Like Calvin, Lydia is positive about her work, often she can make enough to send back home to relatives outside of Nairobi. But this was not always the case. For several years, she worked at a large market called Gikomba near the centre of town. Her stall, from which she used to sell second-hand clothes, was burned to the ground three times in fires that engulfed large parts of the market, and whose origins are yet to be determined. Time and again she was left with nothing but the will to salvage what she could from the wreckage and rebuild.
Working on Lower Kabete Road is far less precarious, she says. The sellers band together and employ night watchmen to patrol the roadside at night, looking after their materials. She is saving to buy land back home in Murang’a and start farming.
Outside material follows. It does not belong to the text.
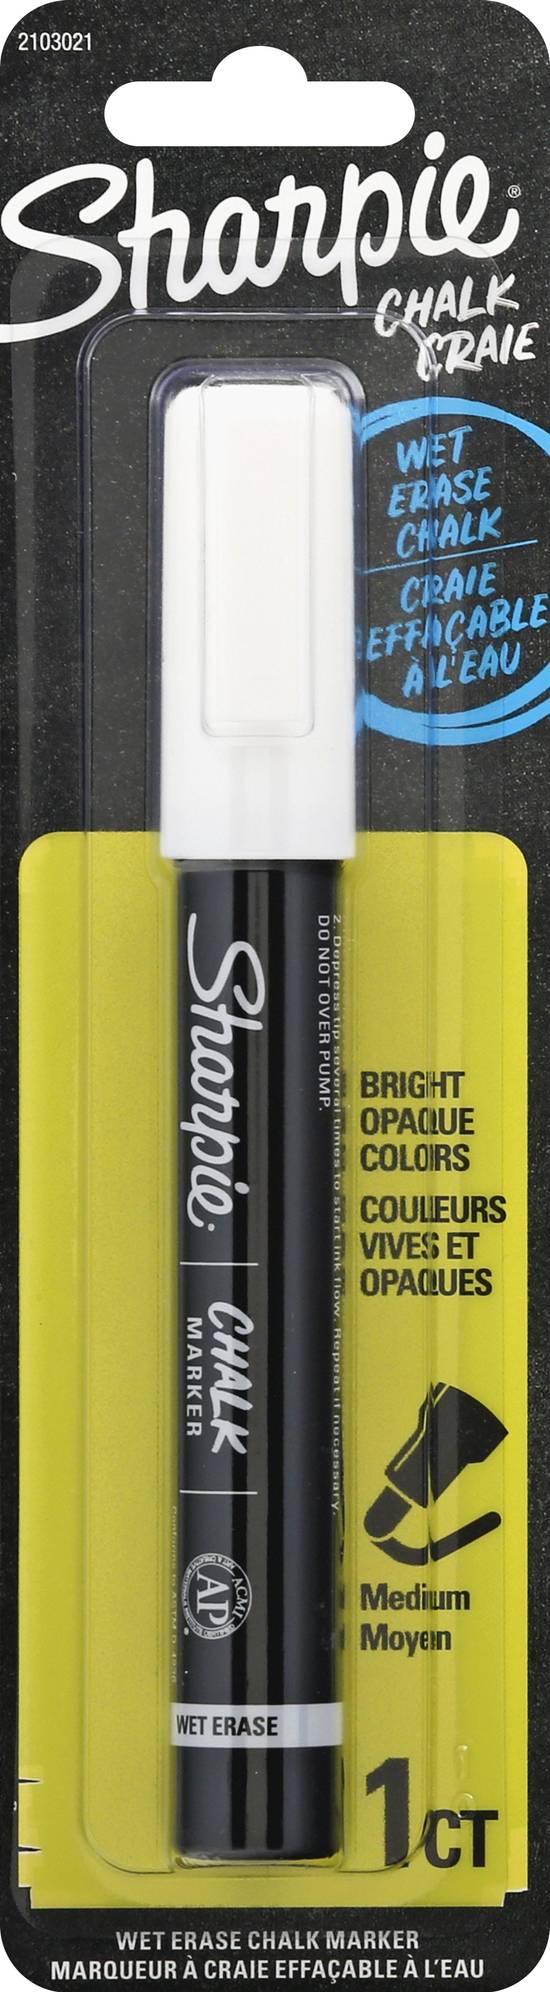 Sharpie Wet Erase Chalk Marker

According to the International Labour Organisation (ILO), across the world, more than six workers among 10, and four enterprises out of five operate in the informal economy. Moreover, informal employment has shown no signs of diminishing over time. In many regions, it is increasing. Without formalisation and regulation, the ILO say, it will never be possible to eradicate the endemic poverty that characterises so many of the places in which informal livelihoods predominate.
The challenge, though, is working out how this process could take place without stamping out the flexibility and adaptability that makes many informal industries so dynamic. Kenya’s informal economy represents over 32 per cent of GDP. The Federation of Kenya Employers (FKE) point out that it is a massive contributor to employment creation, poverty reduction and economic growth. For many of its workers, the costs and time commitments involved in acquiring licences and certificates are simply not possible to meet in contexts where constant change rules the day.
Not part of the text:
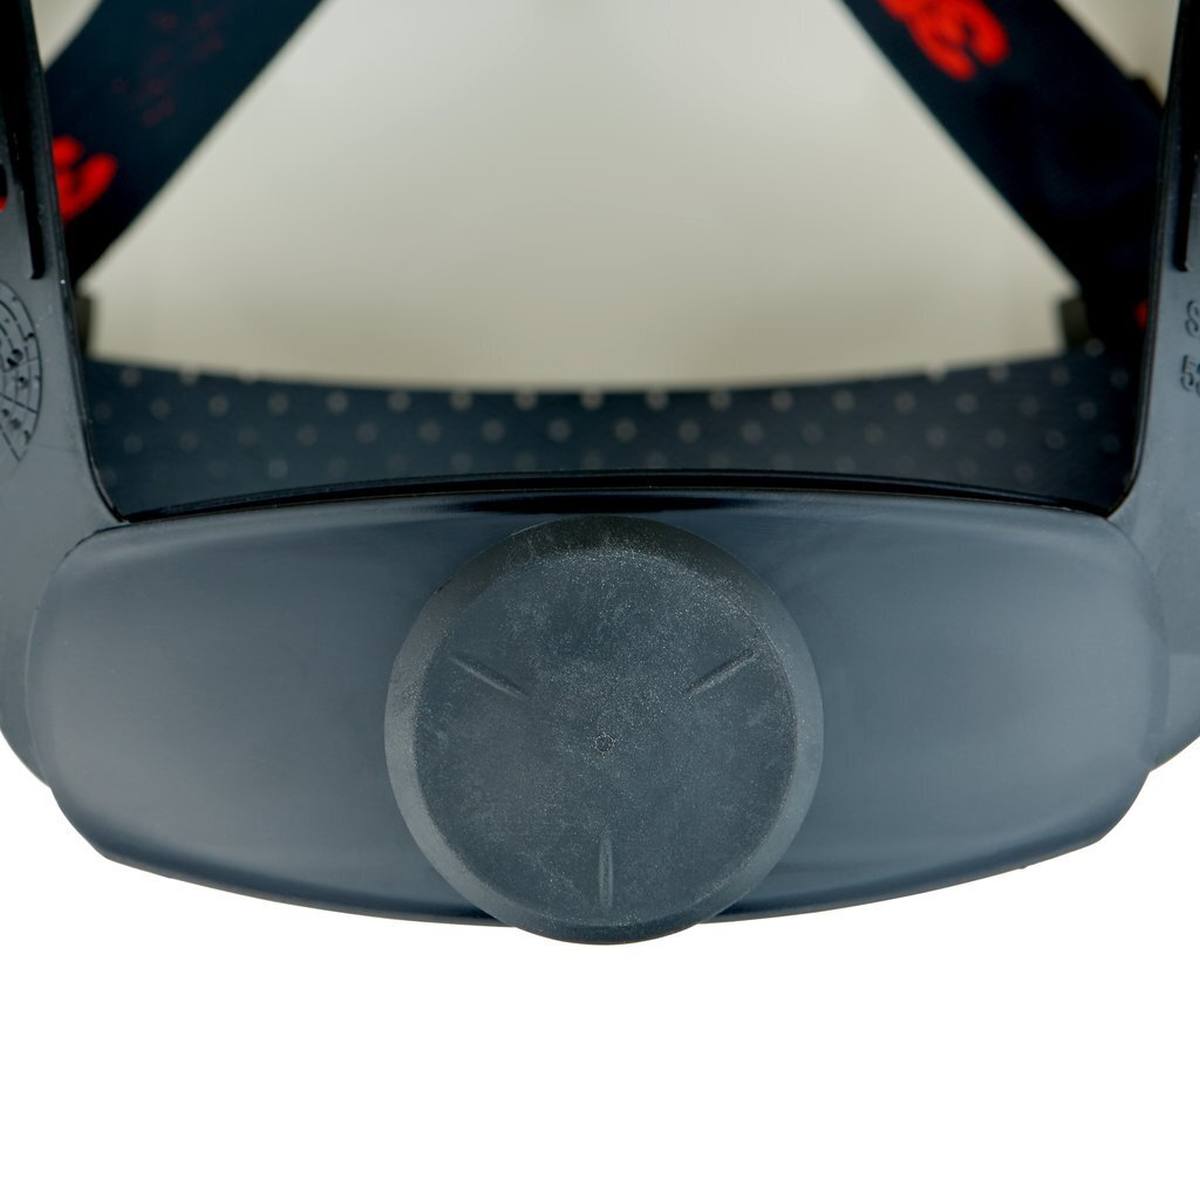 elmetto di sicurezza 3M G3000 con indicatore UV, bianco, ABS, chiusura a cricchetto ventilata, fascia antisudore in plastica, adesivo riflettente

The FKE have argued that if Nairobi’s informal industries are to be better regulated, this will need to take place through a streamlined and efficient formalisation process. Tax administration will need to be simplified, and better infrastructure and government support will need to be put in place. Workers and entrepreneurs will need more training opportunities and, critically, improved access to credit.
Those who say that Africa’s future is urban do so with a degree of certainty that disguises the complex nature of this shift. The question of what this future will look like, what it will mean for those who already work so hard to keep African cities moving, remains unsettled.
In Nairobi, the informal sector is not a singular, uniform entity. The questions it poses cannot be answered straightforwardly. It is an unstable spectrum of occupations and trades, which reconfigure themselves from day to day in line with the physical city itself and the constant development of its formal spheres, from finance to manufacturing. Nor does it amount to one set of needs or aspirations. To some, it is the grounds for great accomplishment, to others hardship, and stagnation.
Amidst all this, the only thing that seems certain is that Nairobi would be hollow without the flexible workers who find problems to solve at every juncture, and demand for new products and services that others lack the foresight to even imagine. Whatever the future holds, for them and all of us, their grit should be acknowledged.